The rulings were extensive in this case, including deeming much of the evidence inadmissible, in particular: “(a) The history of the Middle East. (b) The reasons why Ms Head believed that Elbit supplied weapons to Israel. (c) The reasons why Ms Head believed that Israel was committing genocide in Gaza.” Crucial, too, was the removal of the right to explain motivation. The jury, the judge ruled, “were to determine the charge of criminal damage by deciding only if it was sure that Ms Head had (whether herself, or as a joint enterprise with others) damaged or destroyed property belonging to another, intending that it be damaged or destroyed.”
Yet this was never in doubt, and never denied; damage had of course occurred and had of course been the intention. From the point of view of the activists, this was in the course of protesting a political position — and it was precisely that political position that the jury was not able to hear. Those rulings from the judge at the start of the case appeared to tip the scales, so that the activists would be convicted, with no lawful excuse.
Moreover, the jury was also not told what would happen afterward. They were not told that, if found guilty of criminal damage, the defendants would be sentenced for terrorism, and the press were forbidden to report on it. This has exacerbated the fear felt by so many of the protesters. “How can you be sentenced for a crime you weren’t tried for?” Martin asked me. “Don’t you get goosebumps at the very thought that this can happen?”
The question remains: Why is the government pursuing this group and the individual protesters with such single-mindedness? Why are the legal rulings so unusual, and the sentences so severe? The reason goes back to the longer trajectory of the U.K.’s crackdown on freedom of expression. The message to future protesters is unambiguous, the legal cases making it clear that lengthy prison sentences await, along with the record of terrorism. When attempting to “influence the government” was made a key part of terrorism legislation in 2000, it opened the door for this extreme charge to be applied to any form of dissent that bordered on criminal damage — including blocking roads or destroying deadly weapons. It seems that all governing parties are content to sacrifice the meaning of words and the freedom of expression in exchange for less criticism and expanded powers.
For both Oswald and Martin, choosing to be arrested was more to do with political interference in legal rights than Palestinian rights alone, though Oswald cogently argued that the two causes are linked. “That’s what happens if a government ties itself in knots to support a genocide. They’re going to end up being sort of internally contradictory, and they will only be able to manage that if they just lock everyone up who’s pointing it out.”

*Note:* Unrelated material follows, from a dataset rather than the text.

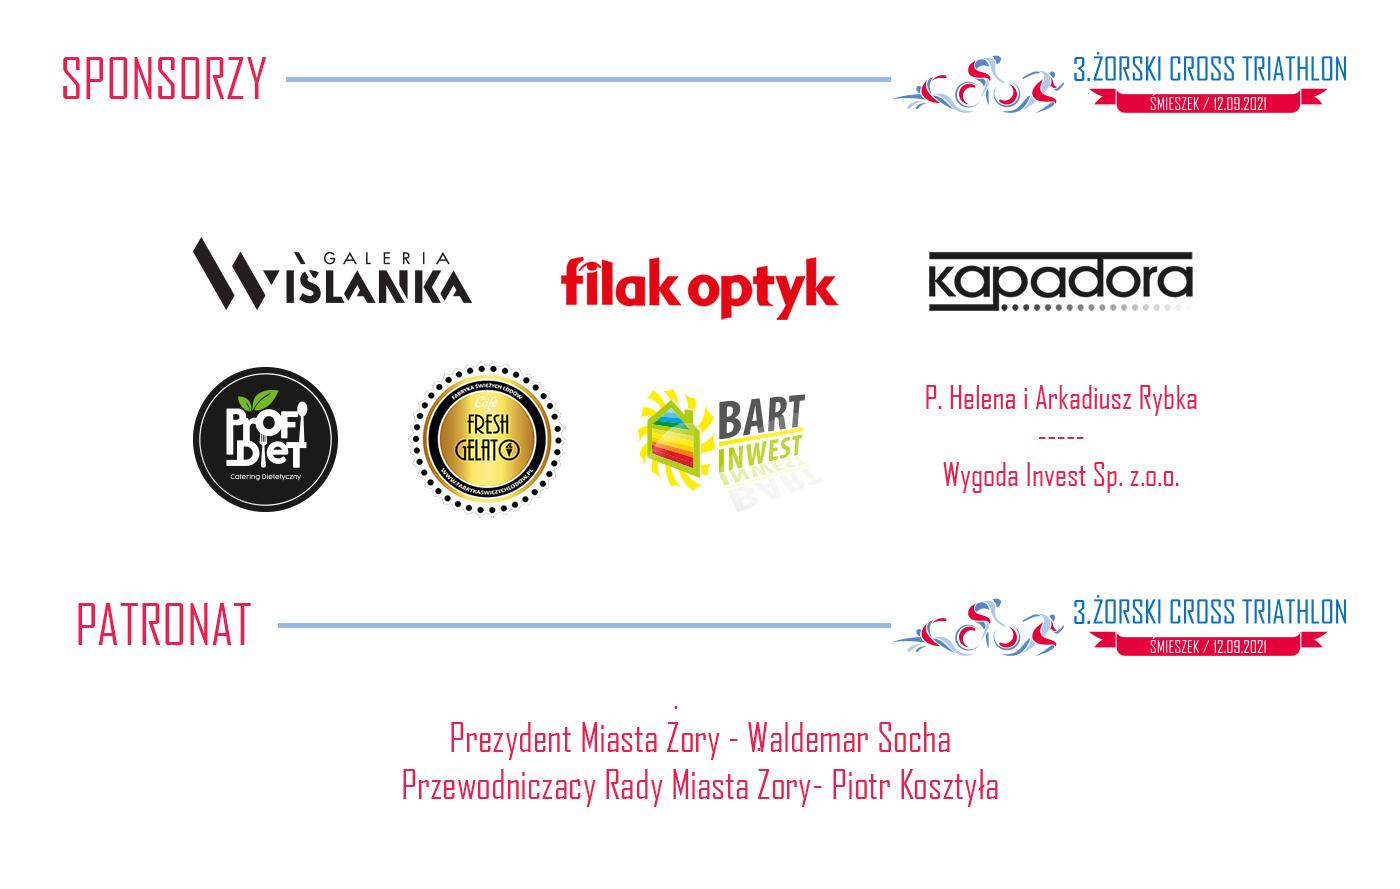 grafika przedstawia logotypy sponsorów wydarzenia na białym tle
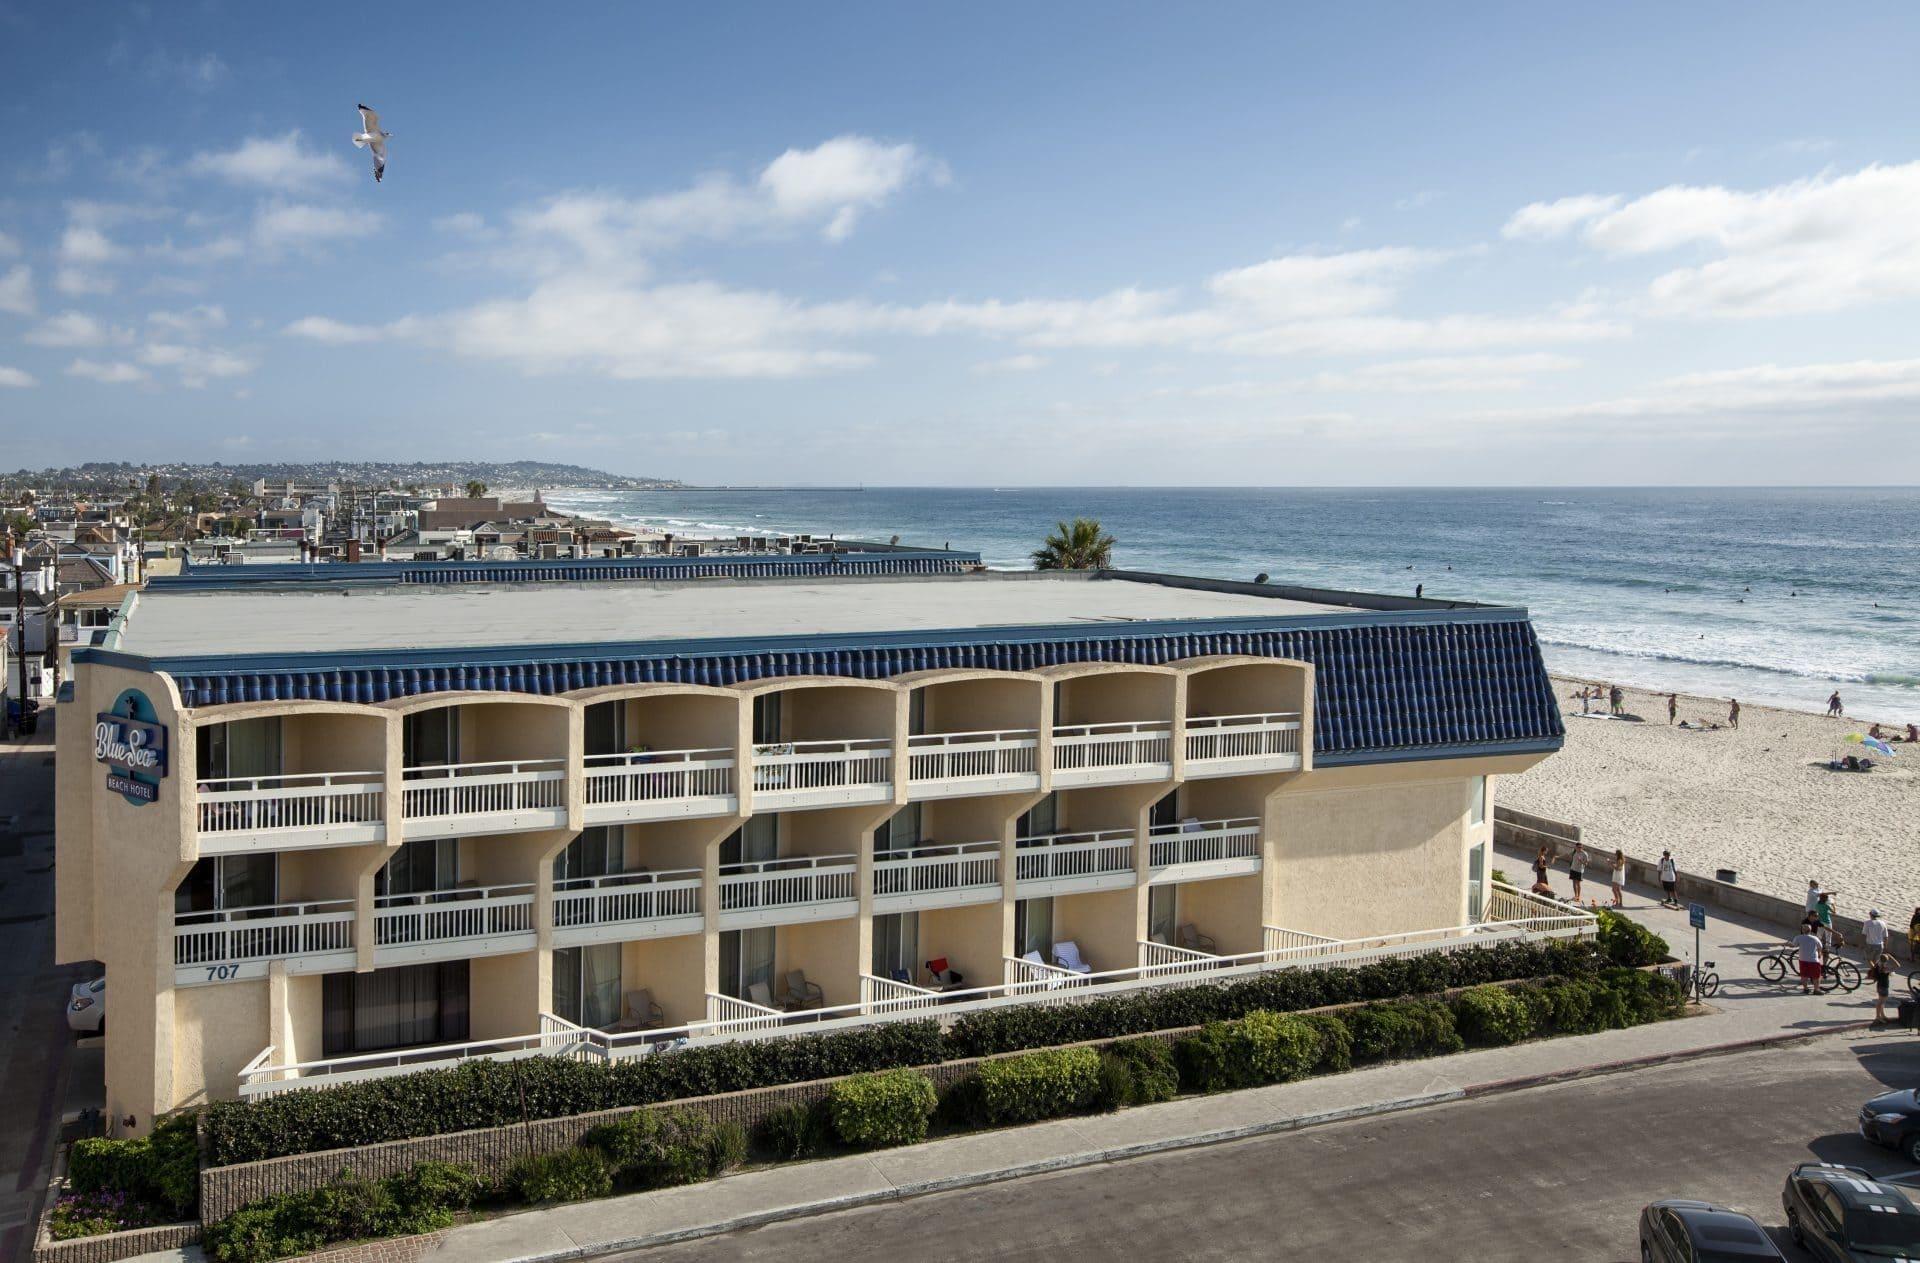 Beachfront San Diego Hotel

“They couldn’t have done this with any other group,” Hinchcliffe of the Filton Six echoed in a conversation with me. “The world’s getting more and more authoritarian, but I don’t think they could have achieved this crackdown and justified it to enough people with any other cause.” The problem with this view is that public opinion is largely with the protesters, not the government. Polls have repeatedly shown that the U.K. public want stronger penalties against Israel, and petitions and protests have continued to grow, and yet the government has used none of the tools at their disposal to restrain Israeli action despite the abundance of evidence of war crimes (last week a U.N. report was published that showed Israel has deliberately targeted Palestinian children, resulting in genocide, crimes against humanity and war crimes). The government clearly misjudged this in the initial ban of Palestine Action, and protesters are continuing to hold placards and get arrested outside the courtrooms of all the myriad, ongoing trials.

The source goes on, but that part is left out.